Воззрите вы на те народы,
Где рабство тяготит людей;
Где нет любезныя свободы
И раздается звук цепей…
Ведь я свою оду «На истребление в России звания раба» в самый канун выезда императрицы из Петербурга в Киев окончил.
– Как не помнить! А знаешь, что мне сейчас на ум взбрело? Как в 1784 году государыня на Бутурлиных разгневалась и на Елизавету Петровну Дивову.
– Это они тогда памфлет сей карикатурами обильно изукрасили. Каждый себя узнать мог да еще в каком виде!
– Да, тогда государыня всех твоих друзей из Петербурга выслала: Воронцовы в их число попали, Дивова и ее братцы Бутурлины. Все опасались, как бы до услуг Шешковского дело не дошло.
– Может и такое случиться – удивляться не приходится.
ПЕТЕРБУРГ
Зимний дворец. Кабинет императрицы
Екатерина II, дежурный секретарь, А. А. Прозоровский
– Ваше императорское величество, Светлейший князь Потемкин-Таврический просит вашей аудиенции.
– Кажется, я начинаю всерьез терять терпение. Я же сказала: никаких аудиенций. Вы сообщили князю о моем предписании?

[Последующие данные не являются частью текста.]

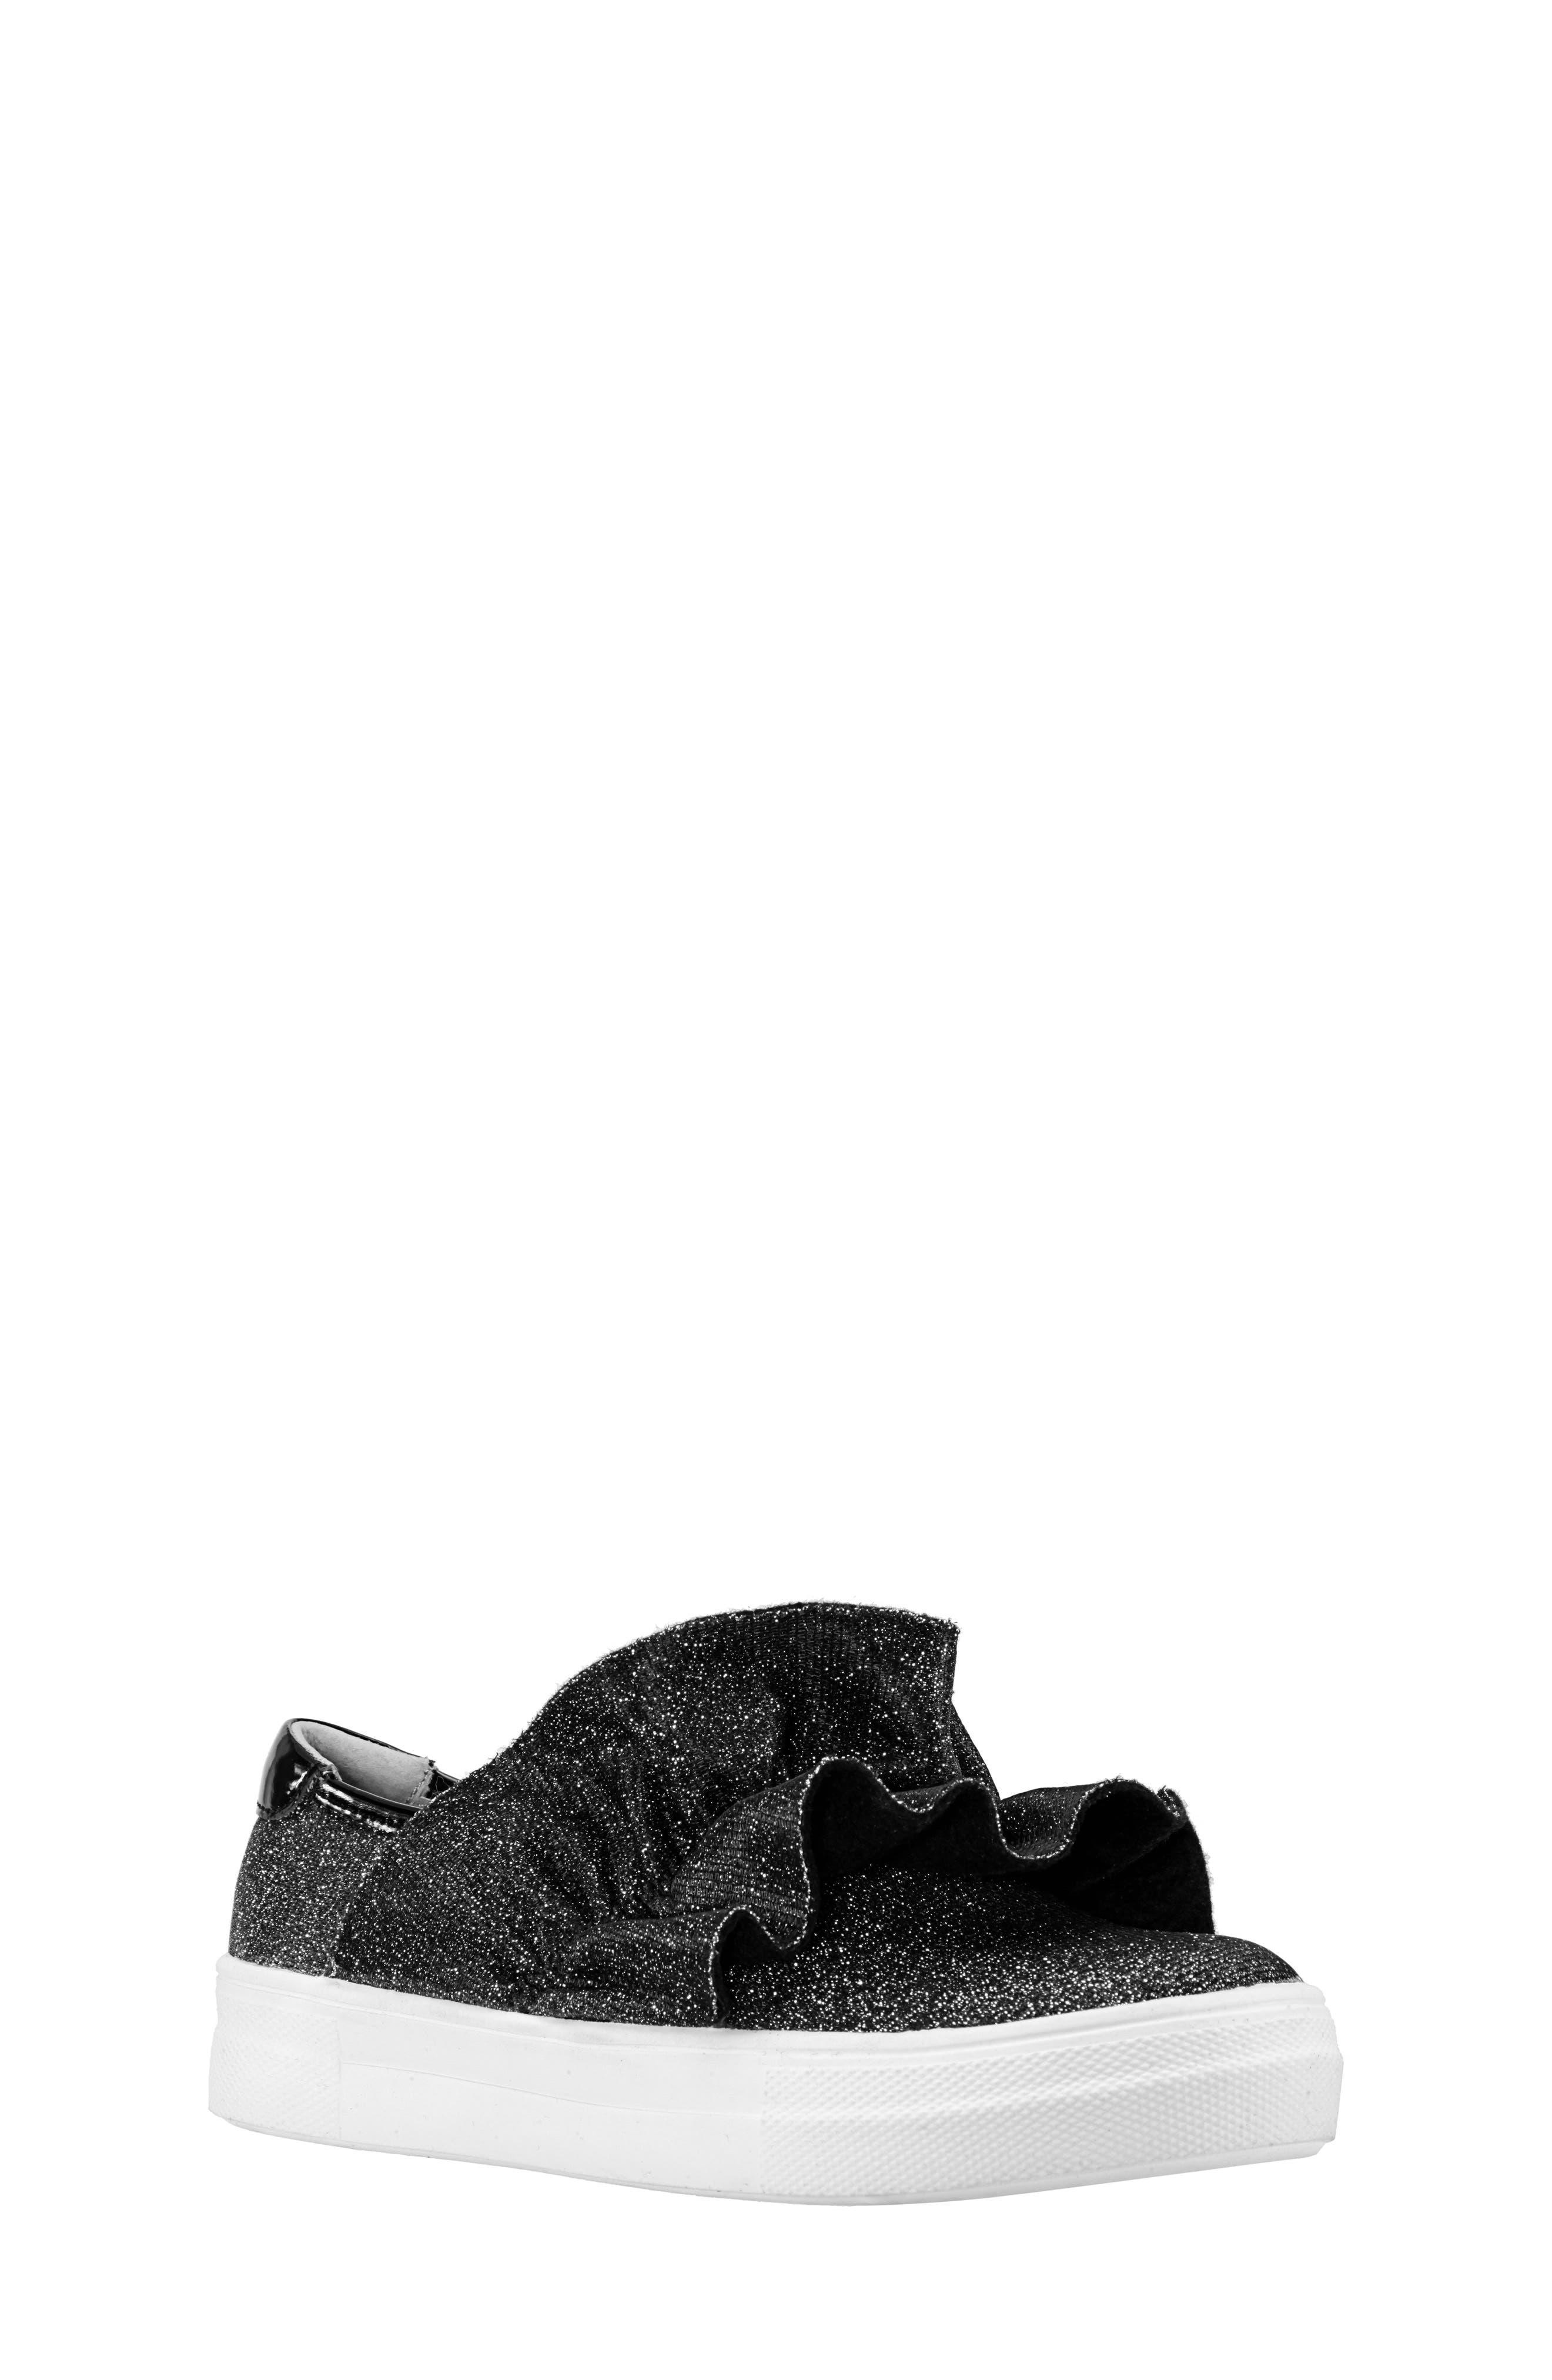 Ivani Slip-On Sneaker,                         Main,                         color, 010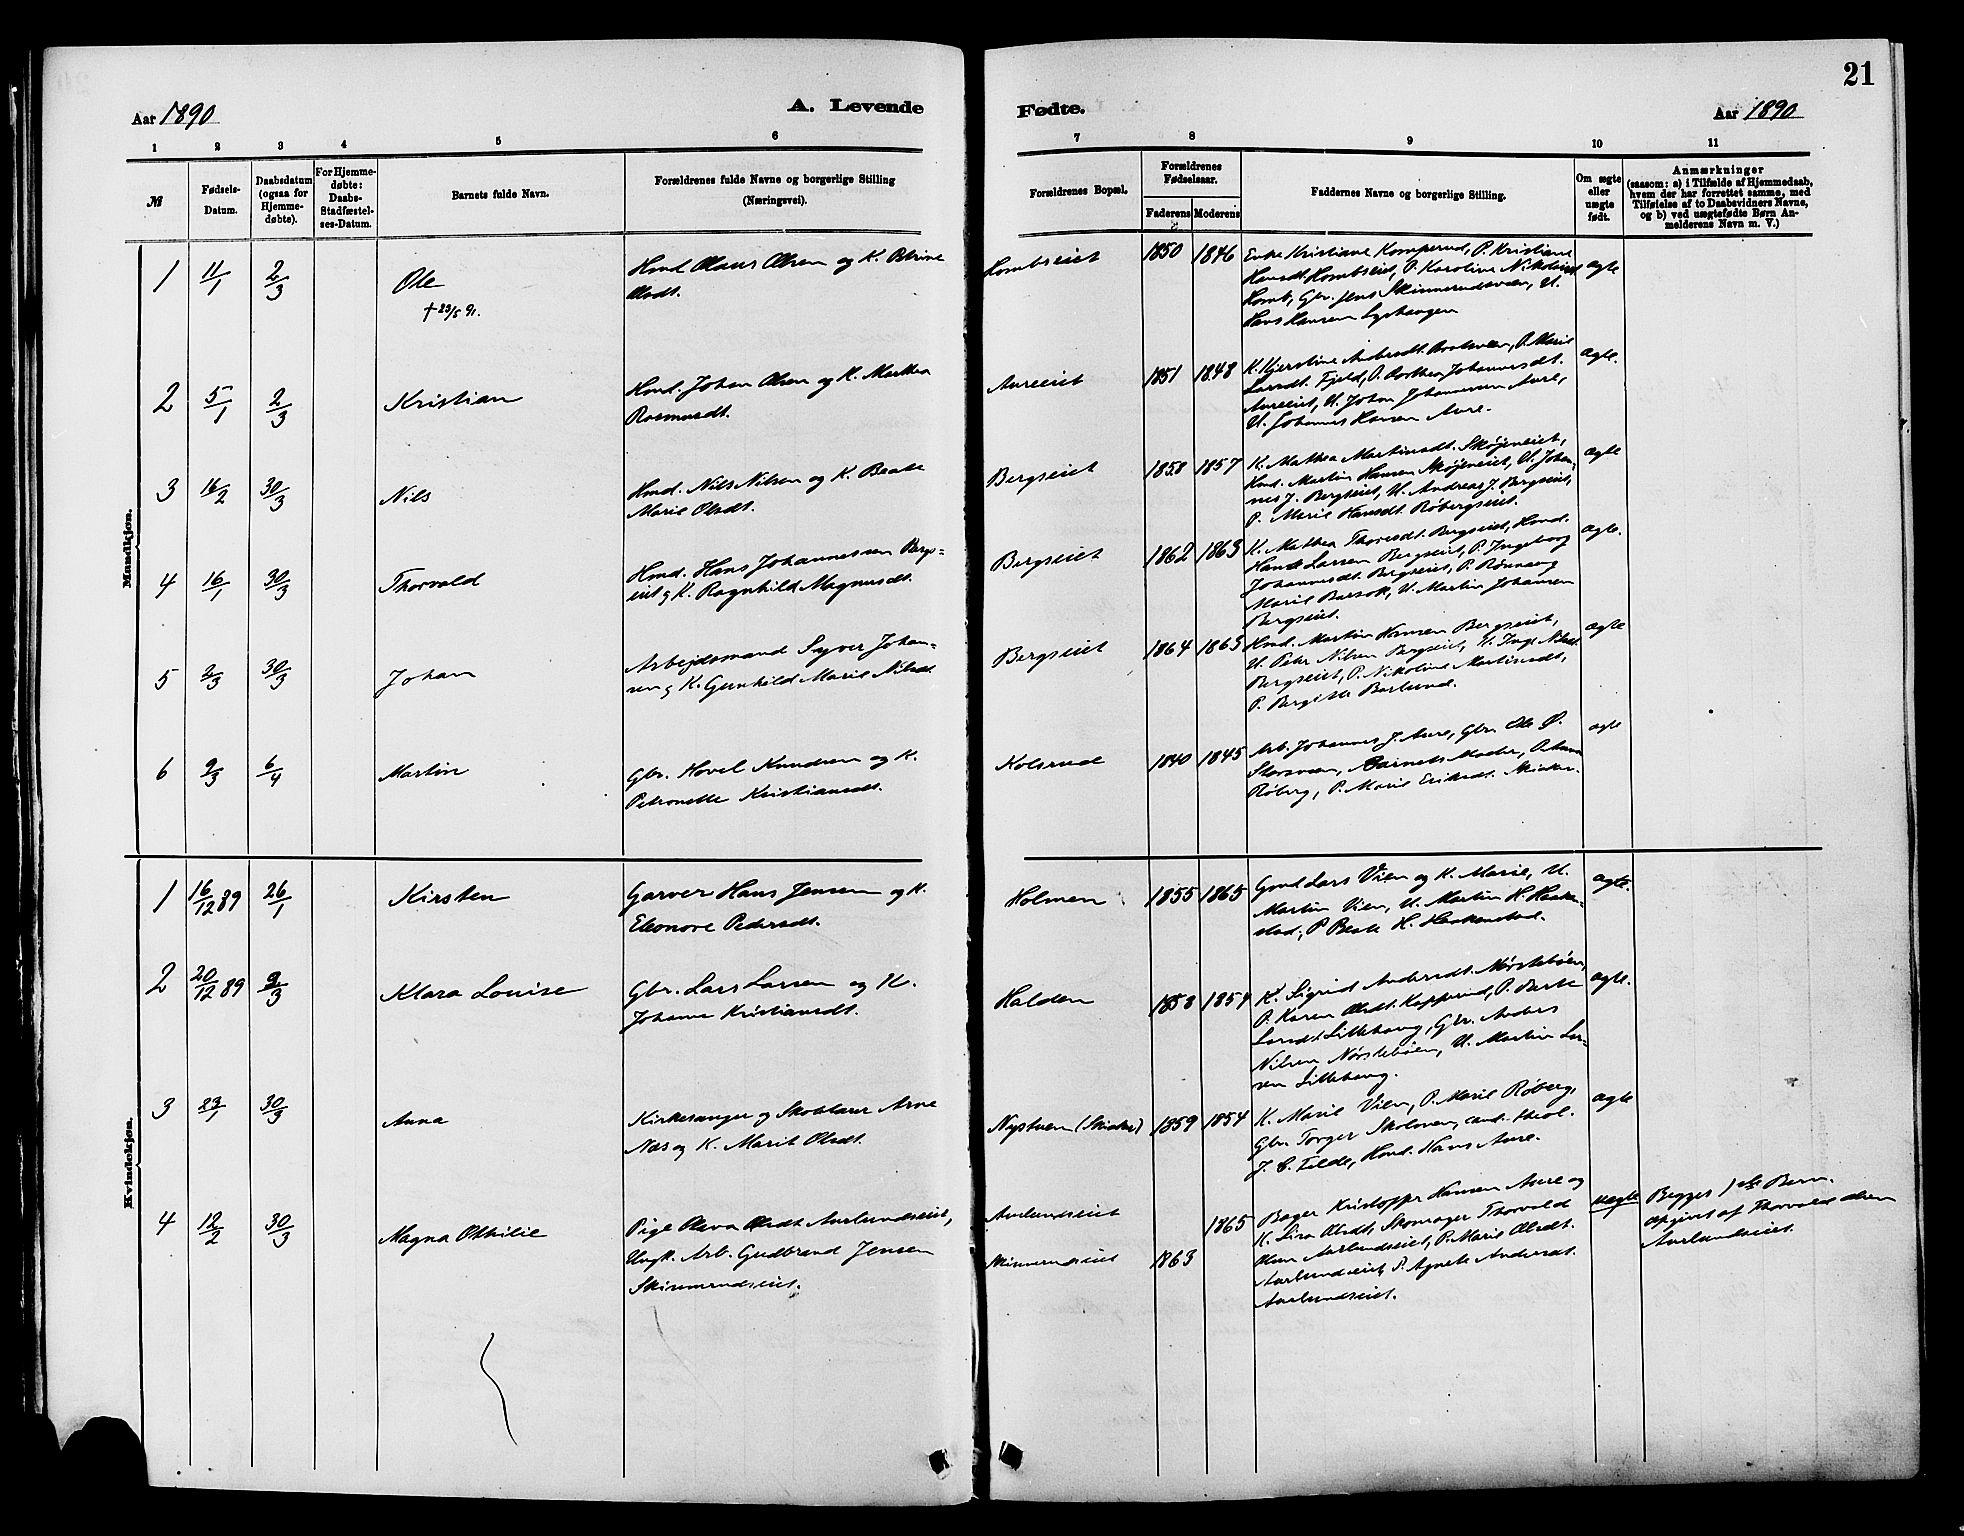 SAH, Nordre Land prestekontor, Ministerialbok nr. 3, 1882-1896, s. 21

– Немедленно, ваше величество.
– И он знает, что должен немедленно вернуться к брошенной им на произвол судьбы армии?
– Не может не знать, ваше величество. В указе все написано.
– Сама удивляюсь, что там не оговорено, чтобы можно было себе позволить такую проволочку. Который день князь предпринимает свои безумные попытки?
– Четвертый, ваше величество.
– Неслыханно! Немедленно передайте ему, что дальнейшее промедление будет чревато для него крайне неприятными последствиями.
– Но, может быть, после такого великолепного праздника в вашу честь, который устроил князь в Таврическом дворце, он, как истинный верноподданный, надеется ощутить милость своей императрицы.
– Боже мой, как трогательно! Особенно после того, как пришлось выложить без малого полмиллиона за этот фантастический дворец, с которым решительно нечего делать, как только тратиться на его содержание. Очередное потемкинское безумство, в котором не было решительно никакой необходимости. К тому же его присутствие во дворце раздражает Платона Александровича. Я не собираюсь видеть около себя вечно надутого Зубова, который к тому же на этот раз прав. И, кстати, распорядитесь пригласить князя Прозоровского.
– Князь в приемной, ваше величество, и давно. Я просто думал, что вы сначала решите вопрос с Григорием Александровичем.
– Вы думали? Это что-то новое. Вам не кажется, что вполне достаточно, когда думает ваша императрица? Дело секретаря выполнять результаты ее размышлений. Так где же Прозоровский? Зовите же его, наконец!
– Ваше императорское величество, вы пожелали меня видеть, я весь внимание, ваше величество.
– Не похоже, князь, совсем не похоже.
– Государыня, вы гневаетесь? Возможно ли, когда мне даже неизвестна причина вашего неудовольствия.
– Ах, она вам, генерал-фельдмаршал, неизвестна, и вы не можете себе представить, о чем пойдет речь!
– Государыня!
– Хватит пустой болтовни. Год назад я вас назначила главнокомандующим Москвы. Не так плохо после управления Орловско-Курским наместничеством, не так ли? К тому же я сделала вас сенатором.
– Моя благодарность, ваше императорское величество…
– Должна выражаться в деле, которого я пока не вижу. Когда вы наконец решите дело с этим злосчастным Новиковым? Русская армия легко справляется со всеми армиями мира, зато императрица ничего не может поделать с каким-то жалким отставным прапорщиком, владельцем нескольких десятков душ! Что там происходит с ним? Очередные торжества на берегах гнилого болота?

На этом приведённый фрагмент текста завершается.